Apart from the polishing solution, the polishing apparatus also has a great impact on the polishing rate. Leveraging the Vibration of Ultrasonic Wave can elevate the removal rate (at about 3.8 times) in the polishing course of sapphire with SiO2 solution, and the roughness could be reduced too. Possible reasons are: (1) The motion path of silica particles on the sapphire surface is lengthened; (2) The pressure between the interface of SiO2 particles and sapphire is increased. Therefore the vibration and cavitation of ultrasonic waves strengthen the effect of silica particles on the surface of the sapphire. In practical operation, ultrasonic is applied to the polishing head of the single-sided polishing machine.

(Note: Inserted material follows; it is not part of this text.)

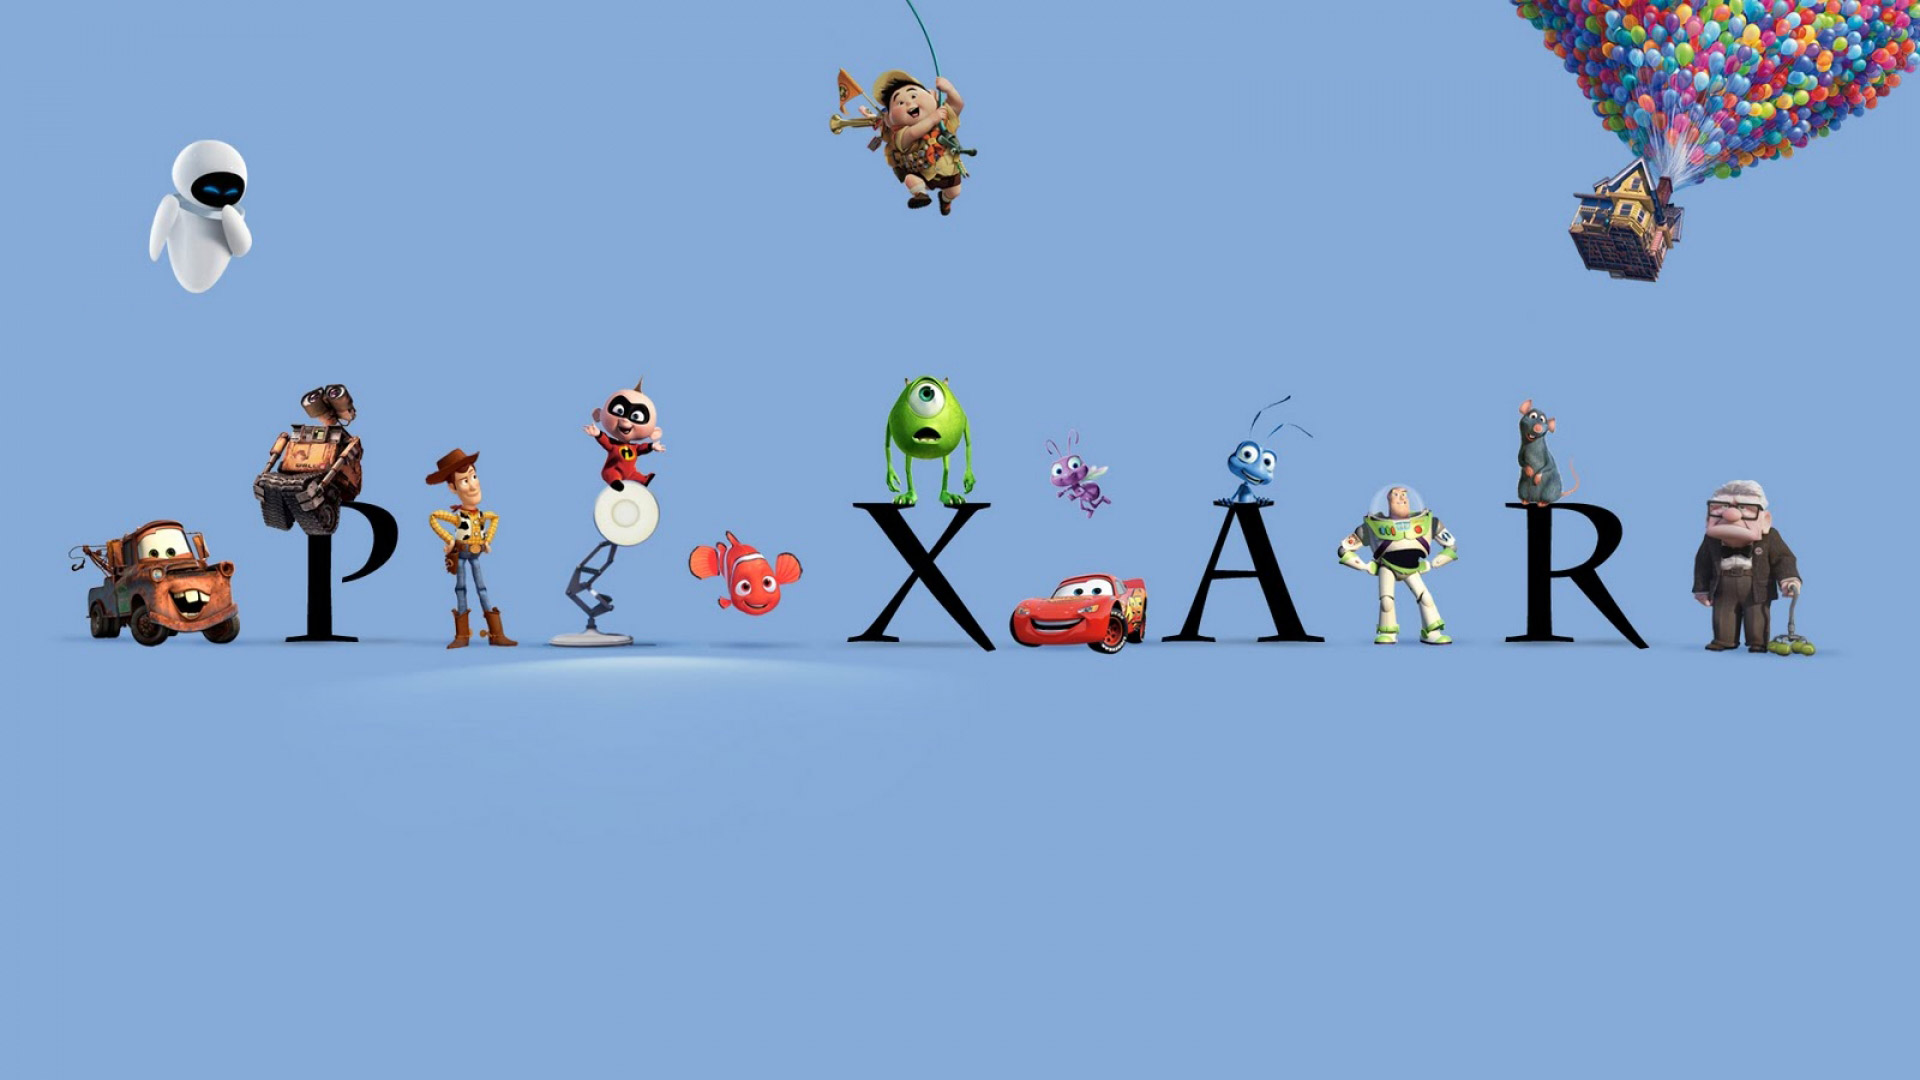 Pixar HD Wallpaper FullHDwpp Full

In addition, the orientation of sapphire windows is also an essential factor in the polishing rate. In general, the polishing rate of A, M, and R orientation is slower than that of C-cut sapphire. This is because the orientation index of C-cut sapphire crystal is (0001), and the atomic bonding structure is O-Al-Al-O-Al-Al-O, whilst the orientation indice of M and A cut sapphires are (10-10) and ( 11-20), their chemical bonding structure is Al-O-Al-O. The Al-Al bond is weaker than the Al-O bond, and the polishing of C-cut sapphire encounters the Al-Al bond in the main, so the polishing rate of c-cut sapphire is faster in comparison.
In real-life production workshops, the polishing precision requirement of A-cut sapphire windows is often not high. SiO2 polishing liquid and non-woven fabrics will work well. Whilst in the case of c-cut sapphire windows higher precision is often required. Polishing accessories from Universal Optical are prevalent, with the removal amount of polishing reaching 10 μm/90min.